The NCTR has physically outgrown its current space on the grounds of the University of Manitoba (Treaty One Territory) and is planning for a new permanent home for these records and to provide space for its work. In November 2022, the Government of Canada invested $60 million for this initiative, and the NCTR has since initiated a capital campaign for the remaining $40 million. After an initial $5 million investment from the Winnipeg Foundation, the NCTR began meeting with other potential donors, including our three churches.
The Anglican, Presbyterian, and United Churches have a long history of working together on issues related to the settlement agreement and the Truth and Reconciliation Commission. We collaborate on many other issues and are now about to embark upon shared office space, bringing a new dimension of collaboration to our relationship. When each of the churches were approached by the NCTR in the summer of 2024 to explore how we might contribute to the capital campaign, senior leadership agreed that this should be another such collaborative effort.
The General Secretary proposes that the United Church contribute from its reserves to this effort. The other denominations will make their own contributions and the collective total amount would be publicly attributed to “The Anglican Church of Canada, The Presbyterian Church in Canada, and The United Church of Canada.” This proposal is rooted in the principles of reconciliation, Indigenous data sovereignty, and ecumenism: in the framework of the Lund principle, that churches should act together in all matters except those in which deep differences of conviction compel them to act separately.

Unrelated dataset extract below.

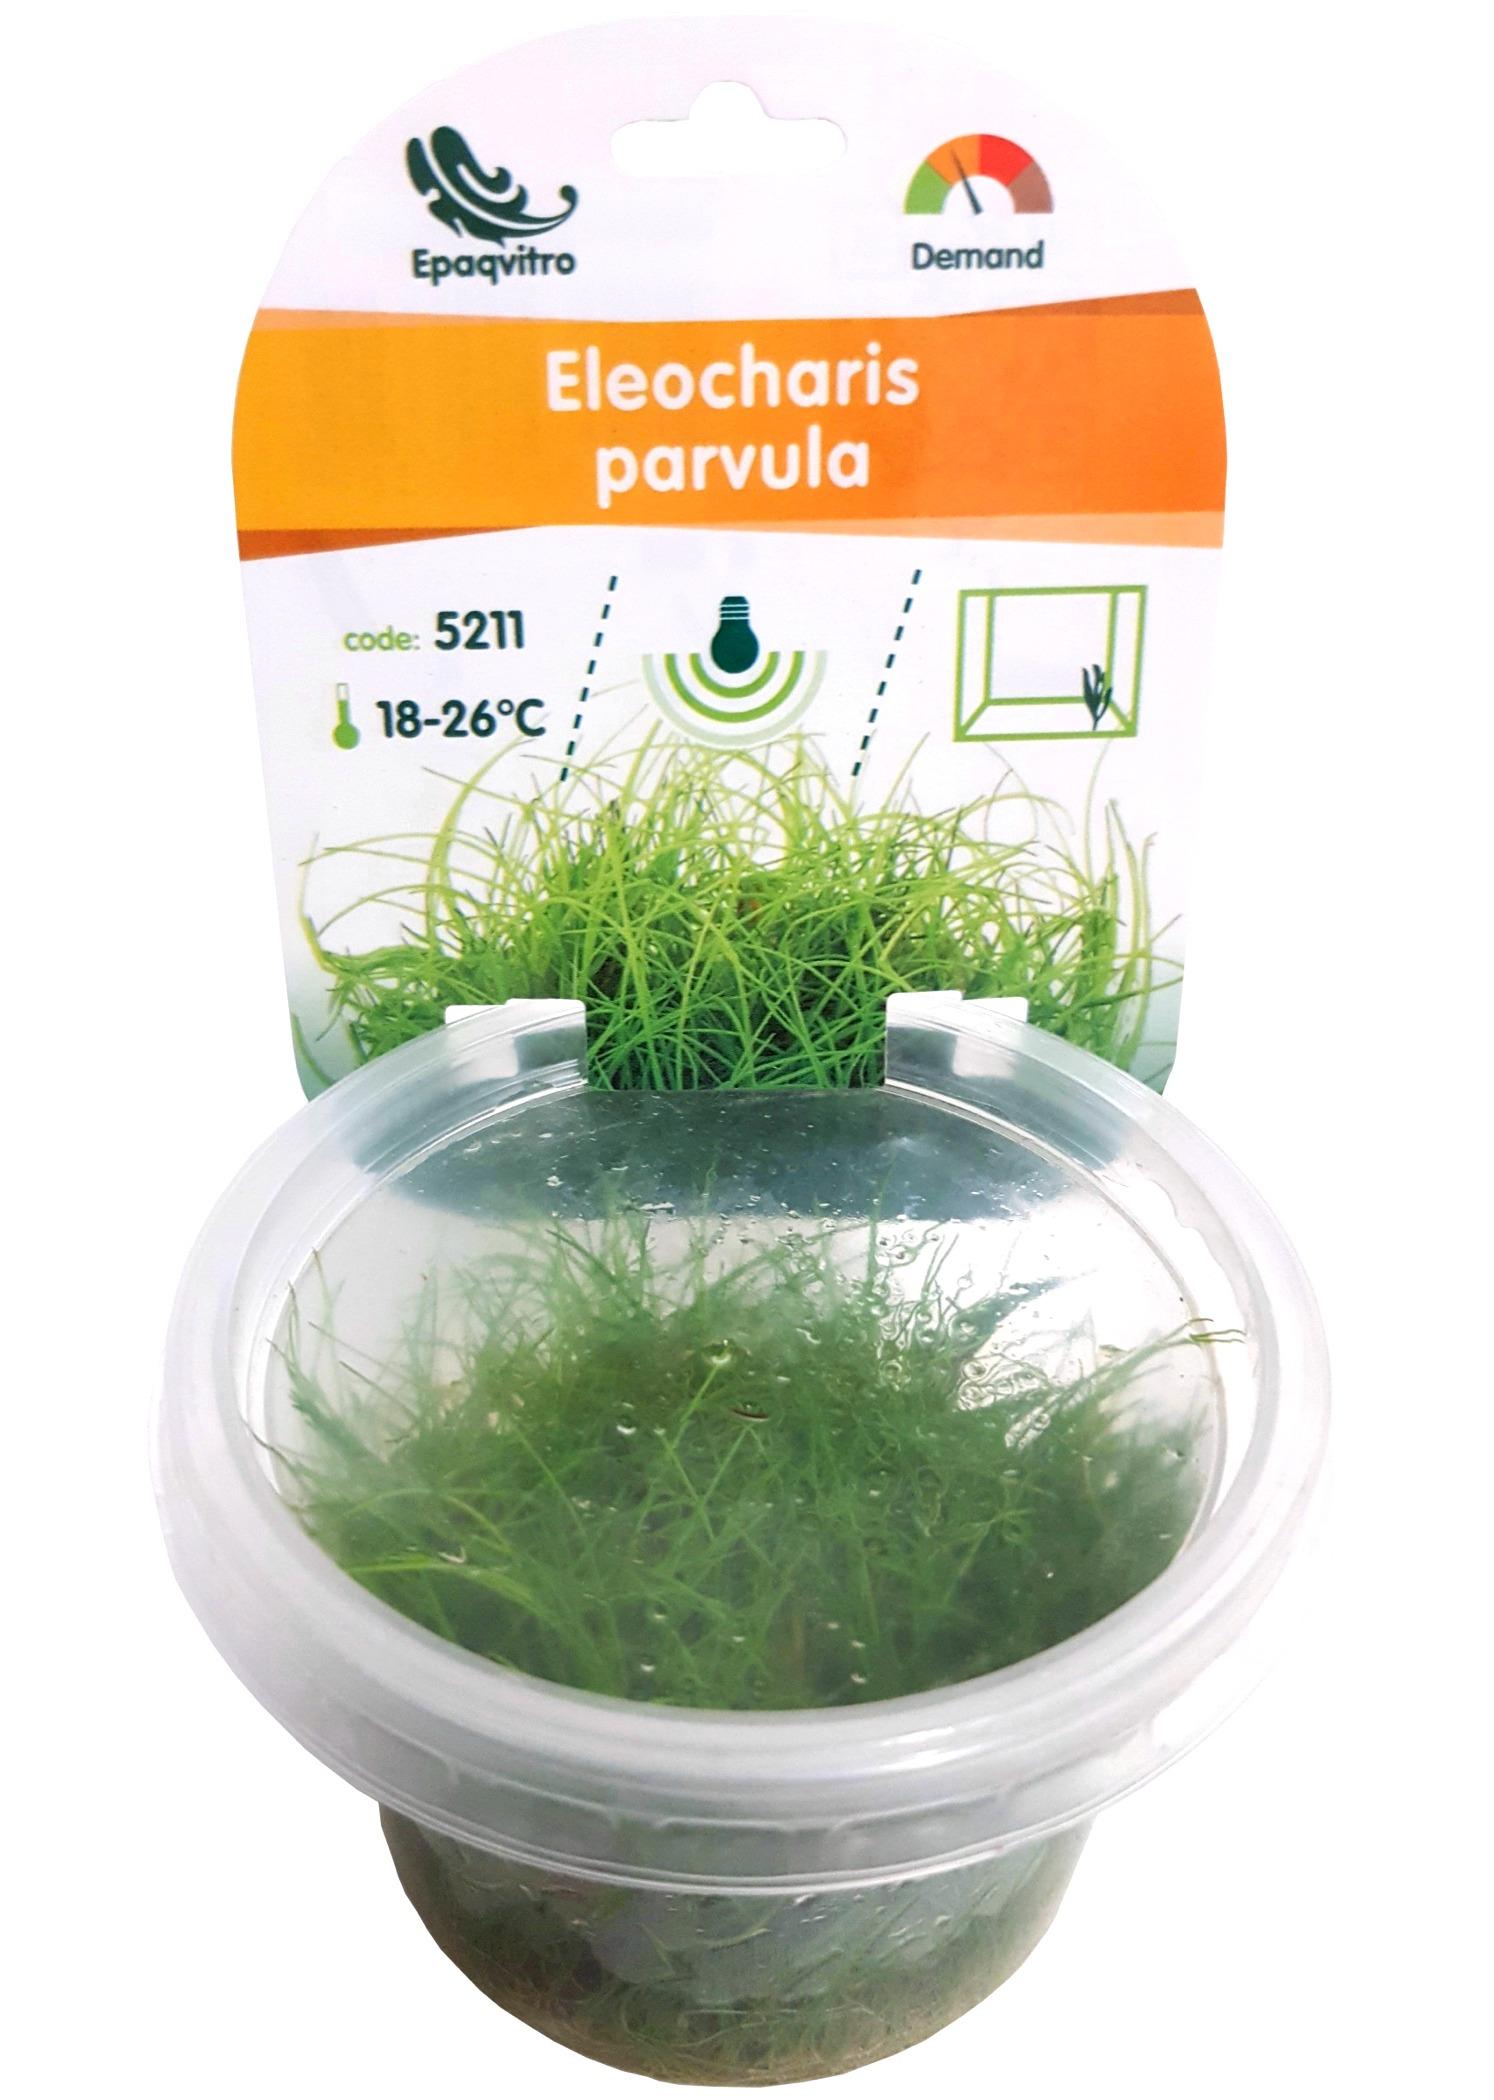 Eleocharis parvula plante d\'aquarium gazonnante qualité Prémium en gobelet In Vitro 100 ml

To not respond to this request in this manner would be to dishonour these principles to which we have so often and so publicly pledged. More specifically, to not respond to the call to build a proper home for Indigenous stewardship of materials related to the TRC helps open the door further denialism of residential institutions, which the Special Interlocutor on Missing Children and Unmarked Graves and Burial Sites calls on us to resist.
Support for the NCTR capital campaign would not in any way reduce the United Church General and Regional Council Archives’ continuing commitment to fully and directly sharing records with survivors and communities.